Now, this is not a rebellion by the masses. It does not see the proletariat rising up against capitalist oppressors. In truth, the leaders of the antinomian attacks on tradition and custom often belong to our intellectual and business elites:
The members of the credentialed corporate-government-nonprofit-academic-media oligarchy, along with billionaire entrepreneurs and bankers who themselves are usually born into managerial-professional families, are almost all modernist in their aesthetics, libertine in their views of sex and recreational drug use, and dismissive of nationalism and patriotism and religion, which they regard as mental diseases of the lower classes. They work in offices designed by trendy “starchitects” decorated with abstract art, and often live in postmodern homes designed to be sterile, off-putting, and the very opposite of petty bourgeois comfort.
It has become a rebellion against the proletariat:
What should rebels against the bourgeoisie rebel against when the bourgeoisie has fallen?
The answer, it is increasingly apparent, is to rebel against the proletariat. Instead of shocking the bourgeoisie, our post-bourgeois managerial overclass now delights in shocking the working class. Most working class people in the U.S. and Europe of all races and classes live in suburbs or exurbs—therefore our elite pundits and academics constantly denounce suburban “sprawl,” idealize life in high-style micro-apartments and expensive designer tiny houses, and call for the replacement of cars by mass transit. Many working class people like to cook with natural gas, so naturally our elite seeks to ban gas stoves. Gasoline-powered lawn mowers and leaf blowers? Forget it. California will ban gasoline-powered lawn equipment in 2024. Rising incomes that accompany development allow the masses to eat meat; therefore meat is redefined by the oligarchy as unhealthy and harmful to “the planet.”
Antinomian elites are strongly opposed to populism. You see, populism opposes the new establishment; it opposes the new elites; it wants, however clumsily, to return to traditional values. And, it does not feel contempt for people who love their country and who attend religious services:
To add insult to injury, when the multiracial working class rebels at the ballot box against this unrelenting and unprovoked bullying by the overclass and casts protest votes for demagogic and usually ineffectual anti-establishment politicians like Silvio Berlusconi or Donald Trump or Boris Johnson, the elite denounces the protest voters as irrational and bigoted cretins who threaten to overthrow democracy, liberalism, and the rule of law.
Of course, human societies abhor anarchy.
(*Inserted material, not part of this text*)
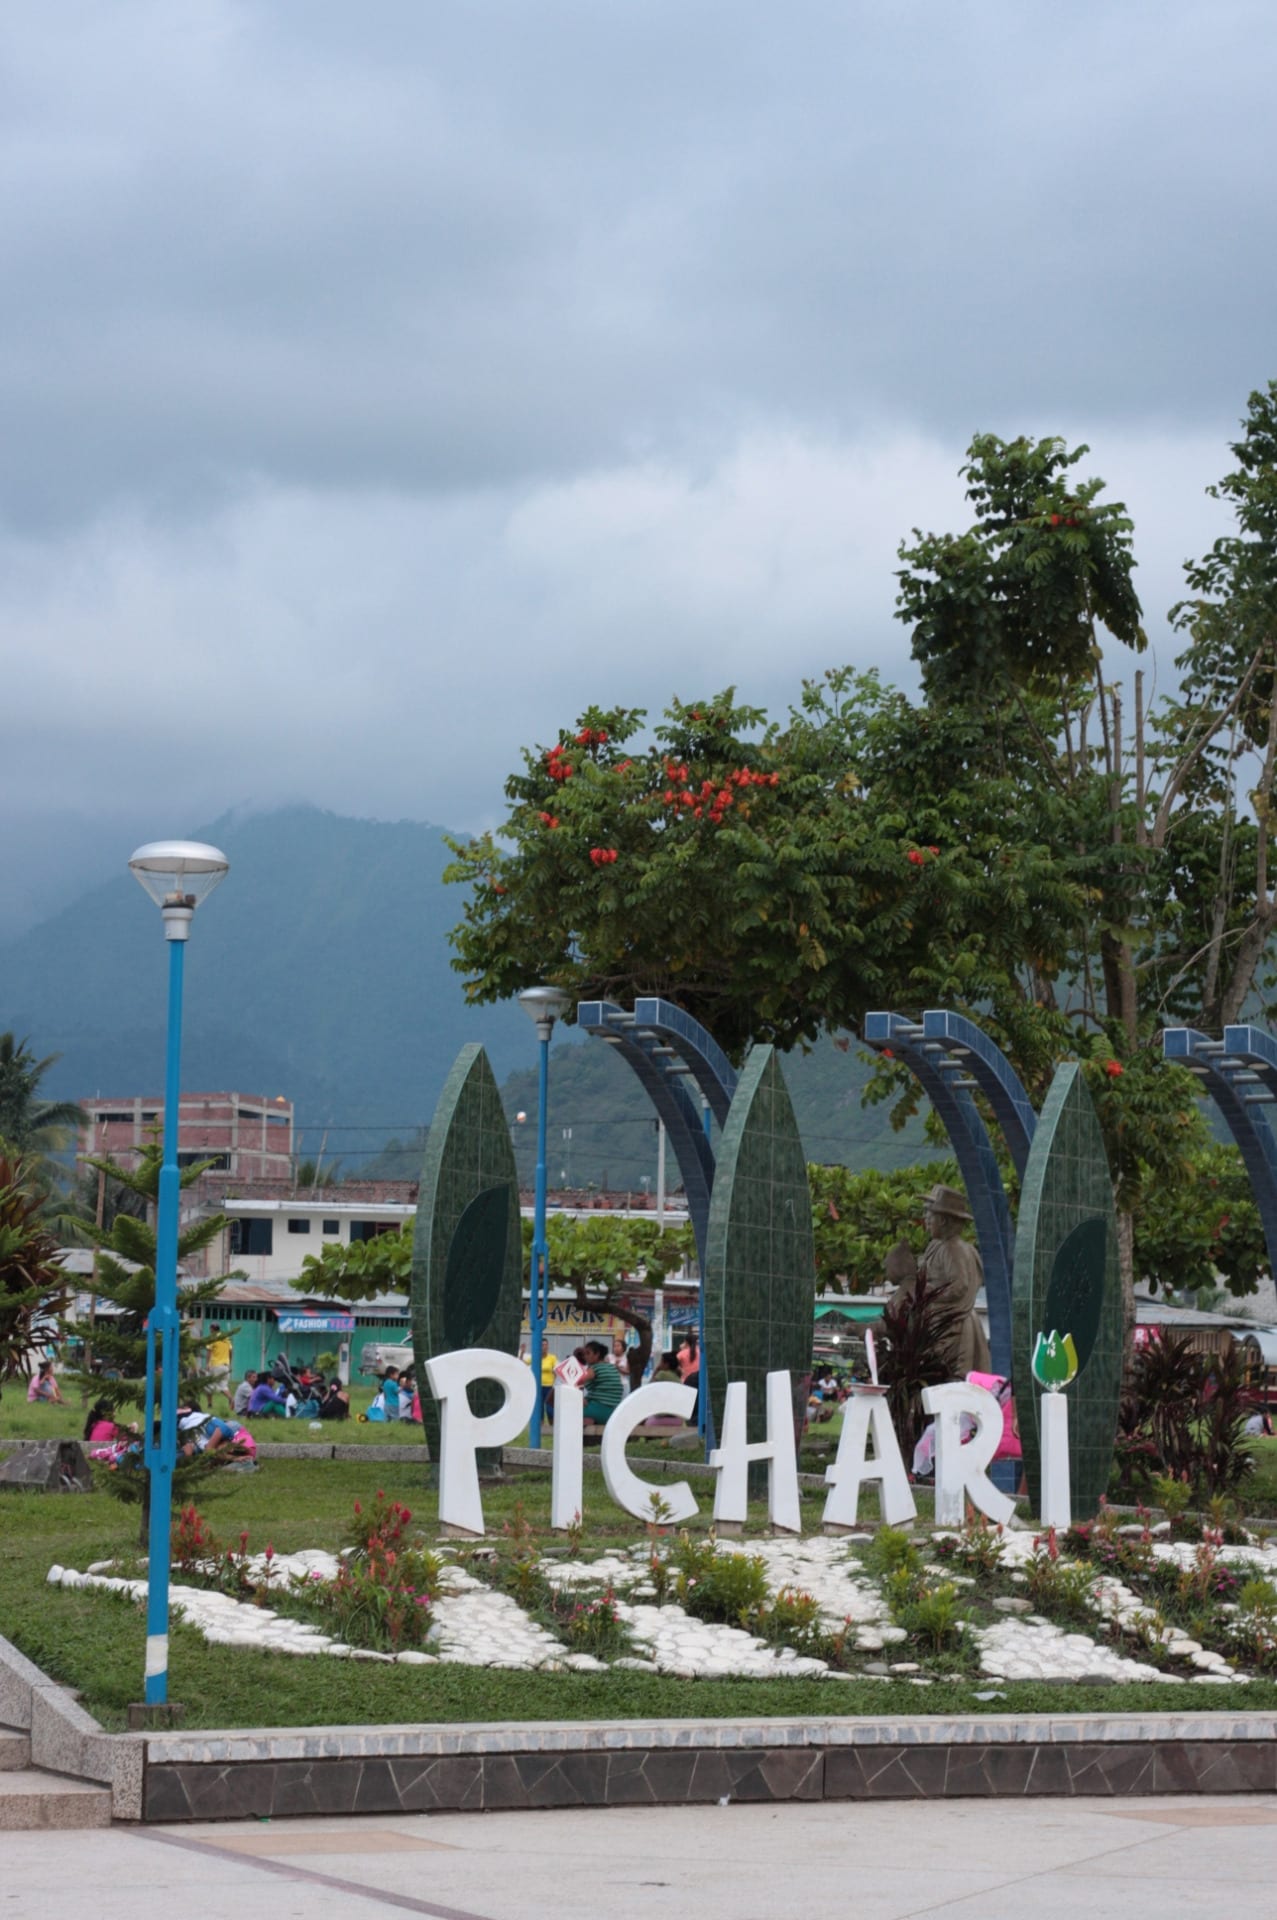 Pichari, a jungle town on the lower part of the slopes of Vilcabamba

They will default to order, one way or another. According to Lind, people will eventually rise up to rebel against rebellion. They will discard the purveyors of anarchy, but that will mean that they will need to replace it with something old, something that they can pretend is really new.
When the current rebellion by the managerial elite against the proletariat is exhausted, as the rebellion against the bourgeoisie was exhausted generations ago, there will be nothing left to rebel against except rebellion itself.
Most people in Western countries might welcome a revolution against revolution with relief.
You may agree or disagree with Lind. Surely, his ideas are worth a post.